**Exercise description**
Beginning with the line that holds "The Pantheon on" and finishing with the line that holds "Utopia Bathrooms Contracts", repeat the listing exactly, leaving every picture out.

**Data for analysis**
########

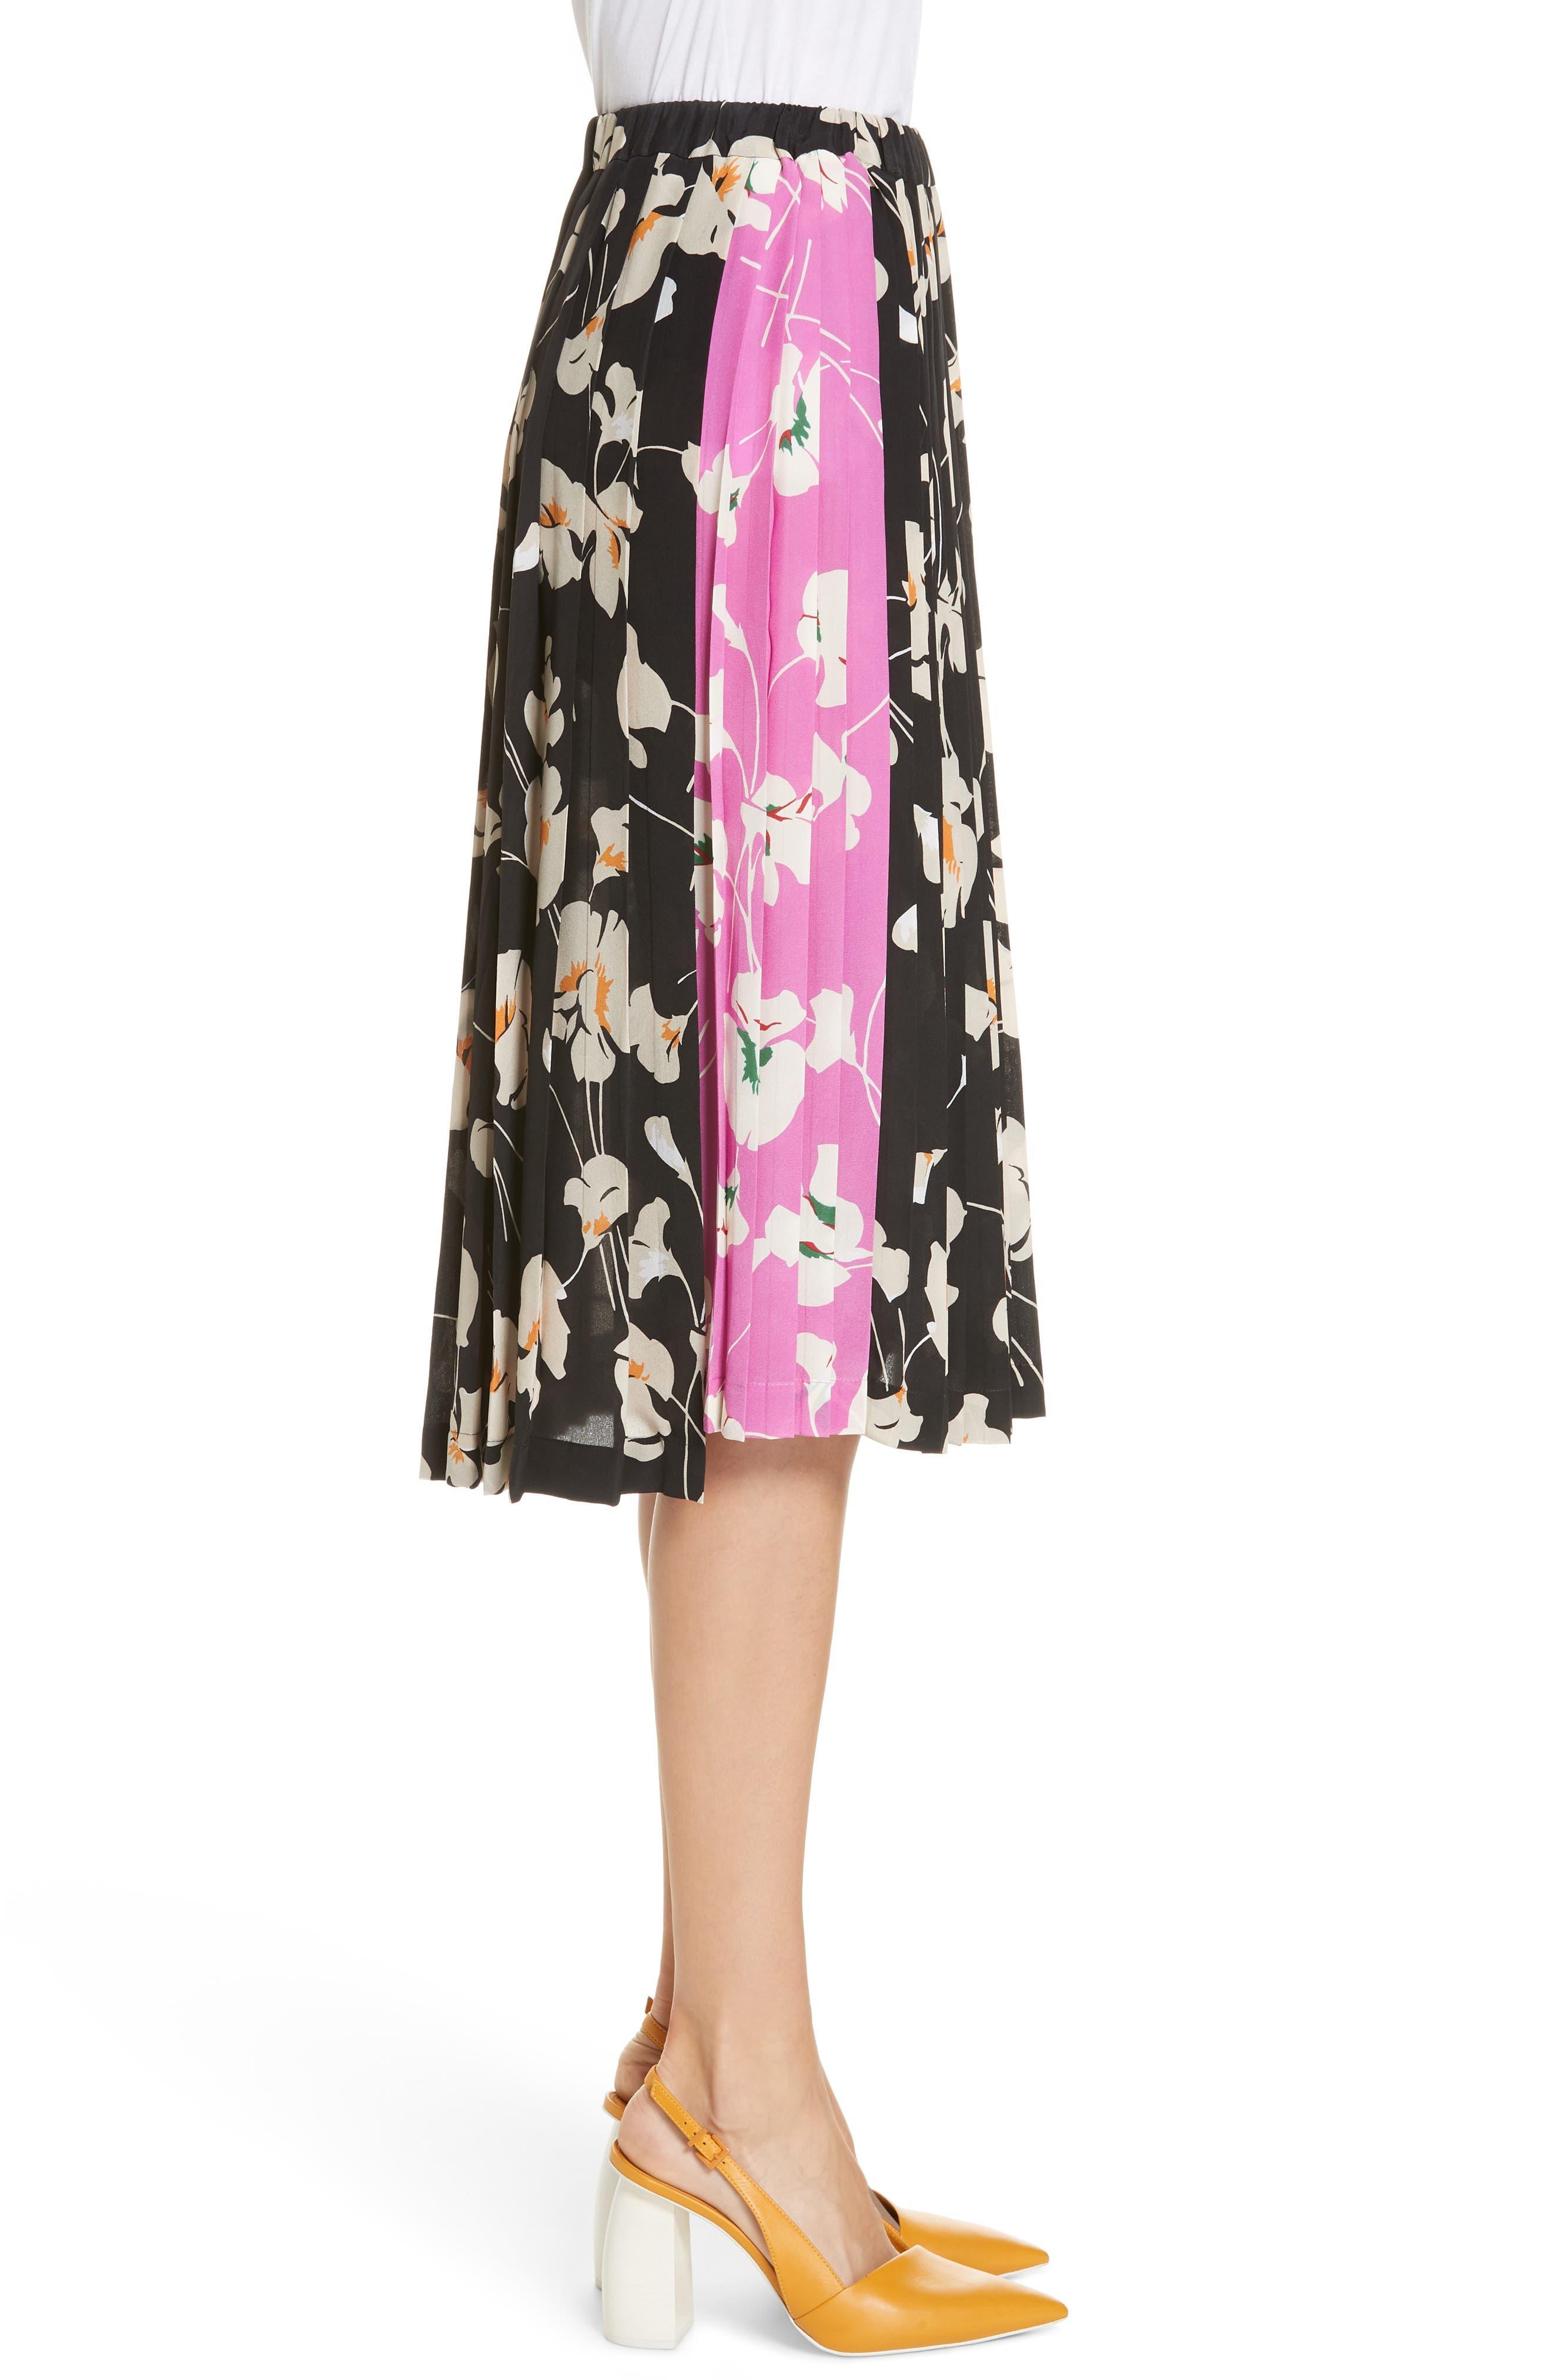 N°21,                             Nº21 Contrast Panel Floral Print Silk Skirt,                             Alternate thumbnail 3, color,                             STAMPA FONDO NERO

########

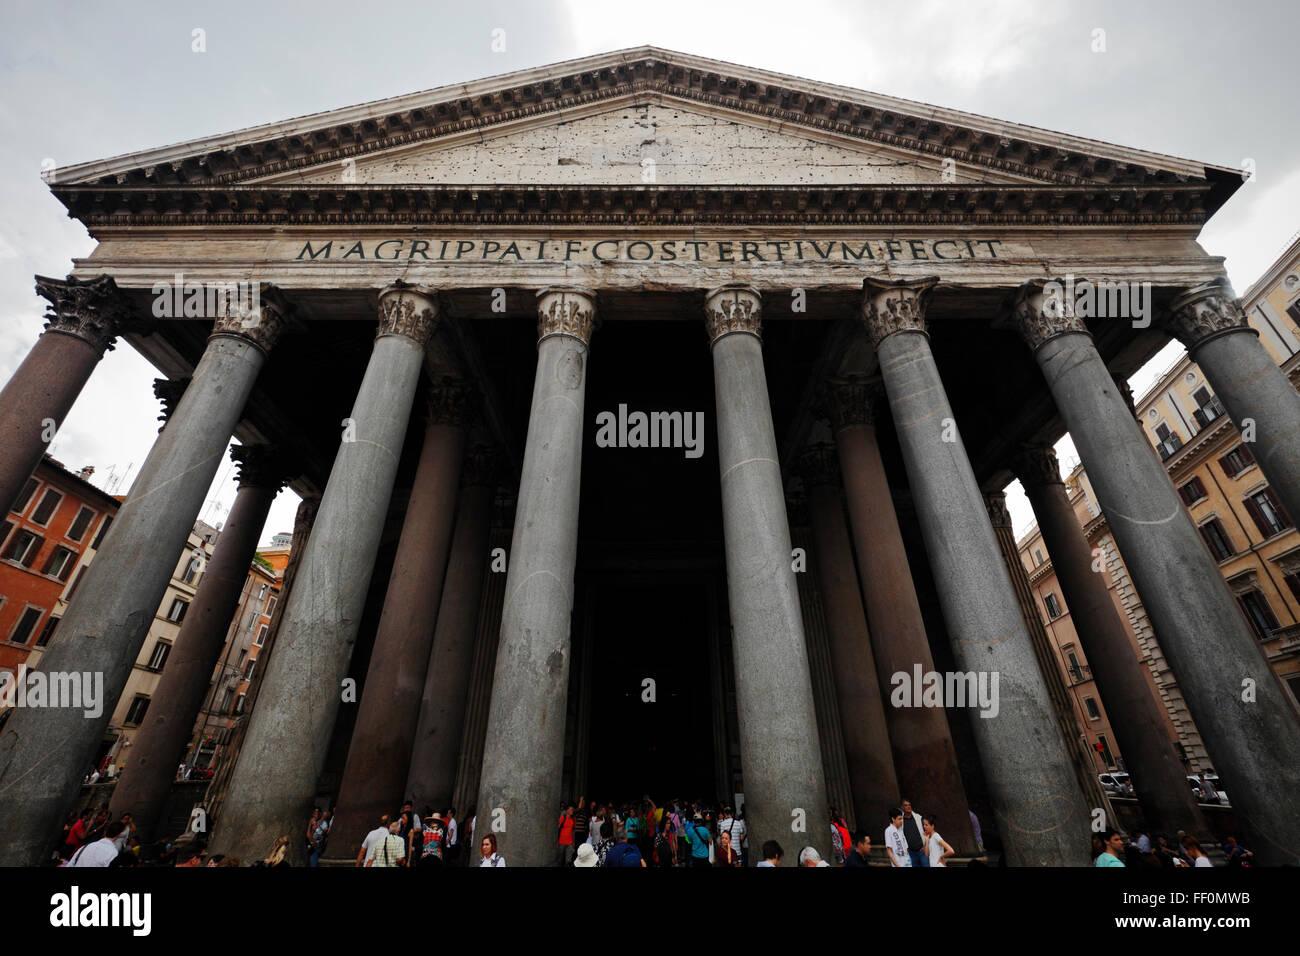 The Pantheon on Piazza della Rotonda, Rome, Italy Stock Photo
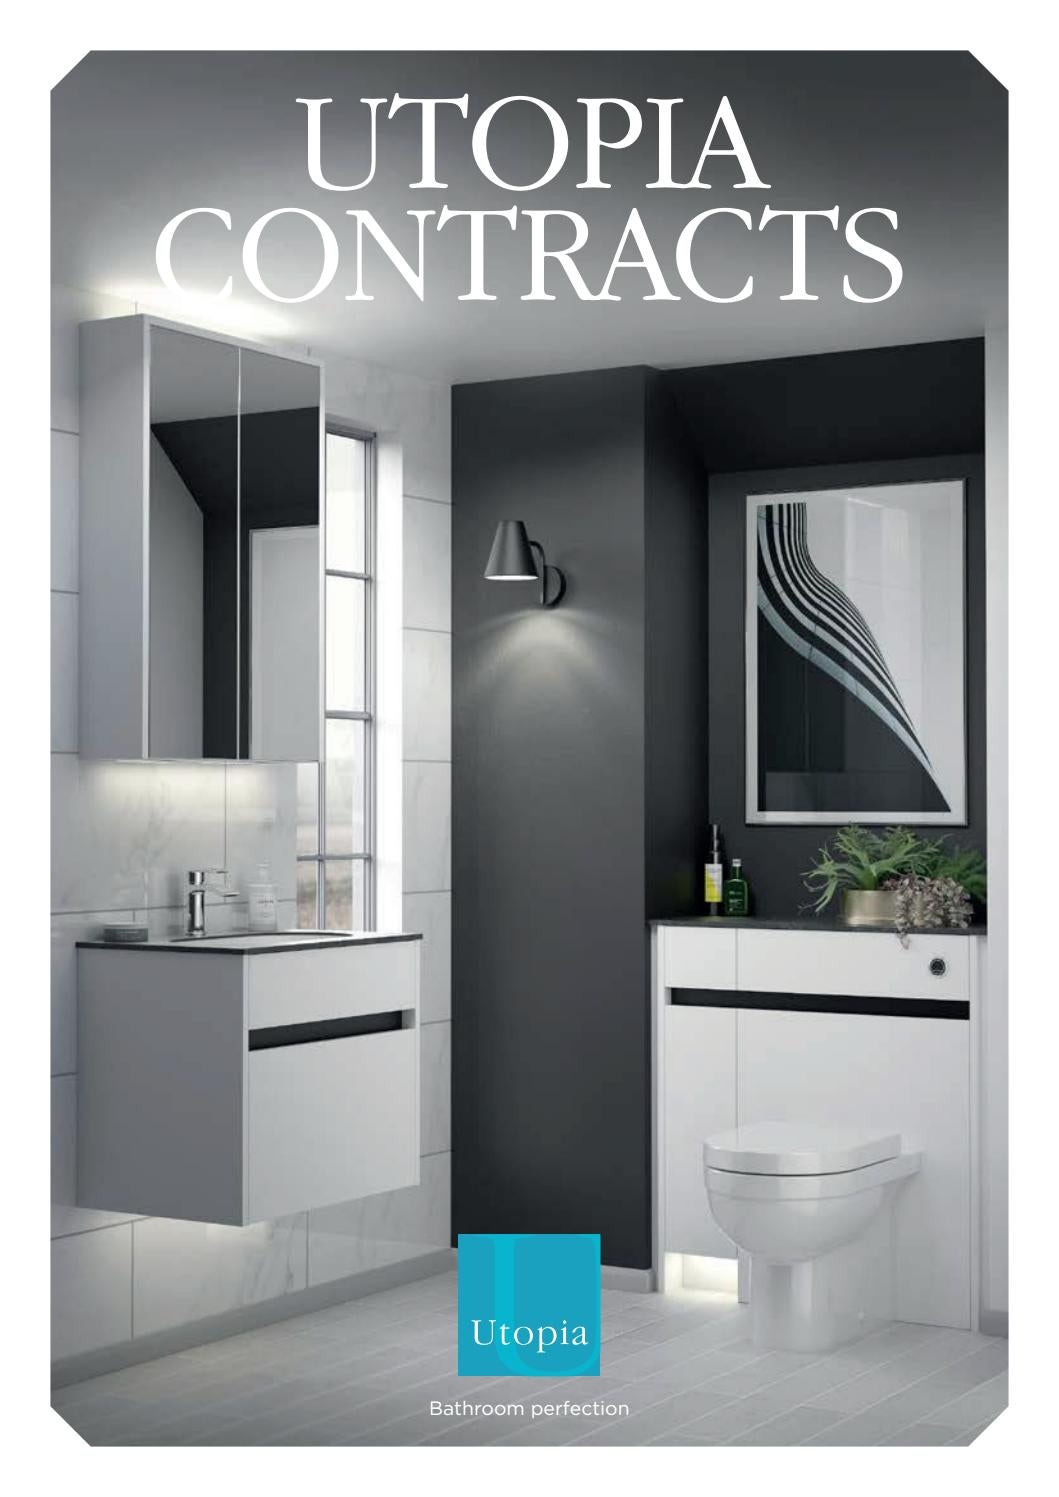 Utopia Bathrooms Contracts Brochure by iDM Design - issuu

########

**Task output**
 The Pantheon on Piazza della Rotonda, Rome, Italy Stock Photo
 Utopia Bathrooms Contracts Brochure by iDM Design - issuu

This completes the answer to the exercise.